Trust is a dial. We trust the C compiler completely because it’s deterministic and has been exhaustively battle-tested for forty years. We don’t extend that to LLMs yet, and we’re right not to. The amount of trust we place in any tool is, and ought to be, proportional to the cost of that trust being misplaced. We already trust LLM-generated code for low-stakes throwaway work the way we trust a compiler. We withhold that trust where the cost of being wrong is high.
The compiler is the asymptote. We’re not there yet. What’s missing is the verification layer.
This isn’t speculative for me. The senior engineer’s job has always been asserting the behaviors the parser had to exhibit, and understanding the system well enough to know what to assert.
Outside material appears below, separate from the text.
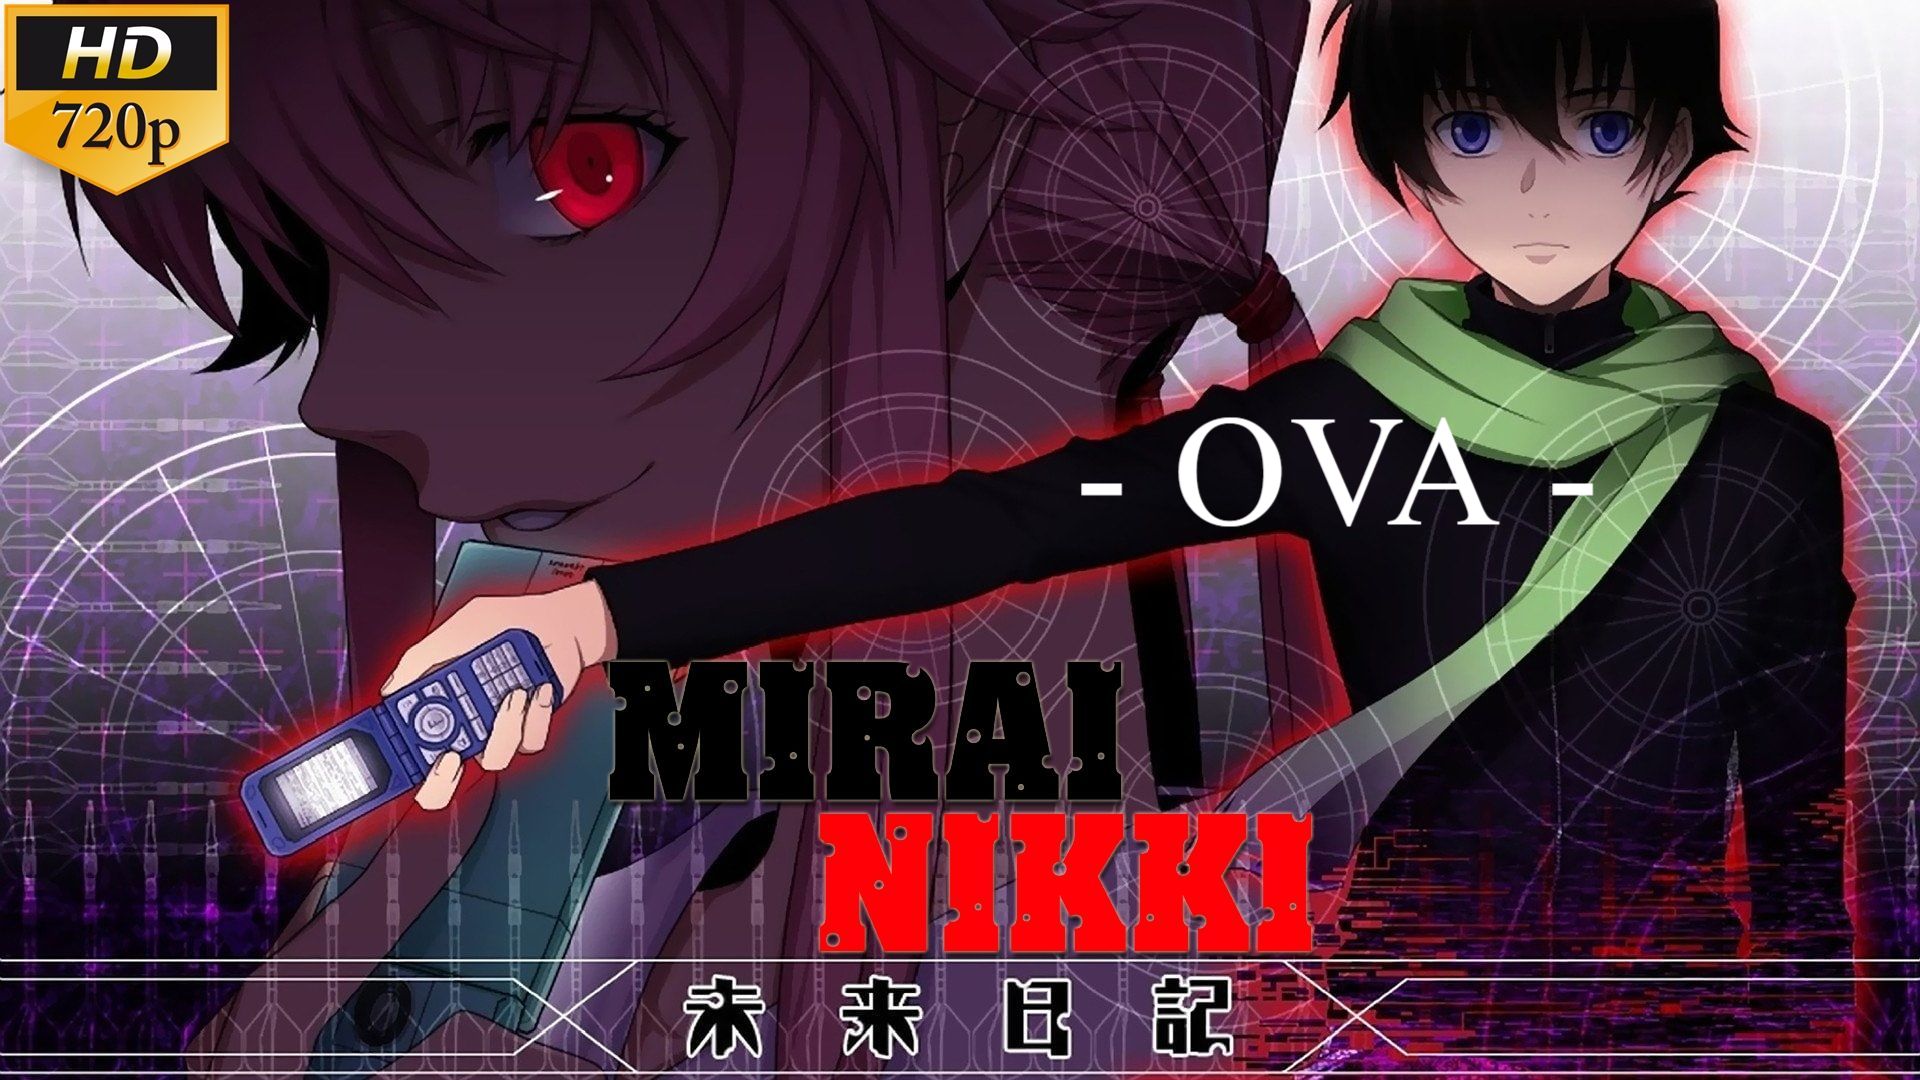 Mirai Nikki Redial (OVA) - Vale a Pena?

The typing was incidental. I’ve been reviewing tests far more carefully than implementations for the last decade; we just called it “code review”. The bespoke shift makes explicit, for everyone, what good engineers have always been doing.
In Theory
In the TNG episode “In Theory” (S04E25), Data, the android, tells Lieutenant Jenna D’Sora that he has written a subroutine specifically for her. A program within the program. He has generated bespoke software for a single use case (one romantic relationship) and shipped it straight into production, by which I mean acting on it, with a real person, in real time.
The episode is forty-five minutes of watching this go subtly, comically, painfully wrong. Crashes would have been easier. The subroutines almost-work, then degrade. They produce romantic responses assembled from pattern-matched fragments, without the judgment to know whether they fit the situation. The output is plausible without being right. This is the silent-failure category in a Starfleet uniform, and you watch the blast radius play out for the entire episode.
When Data writes a subroutine, how does Data trust Data?
No battle-tested library exists for being Data. Every subroutine he writes is bespoke. Zero accumulated trust. The blast radius is his own cognition and his own actions, which is to say the highest blast radius imaginable for a single agent. He is either running an internal verification layer we never see on screen, or he is shipping unverified generated code into production at the most dangerous scale conceivable. “In Theory” is the episode where he visibly didn’t verify enough.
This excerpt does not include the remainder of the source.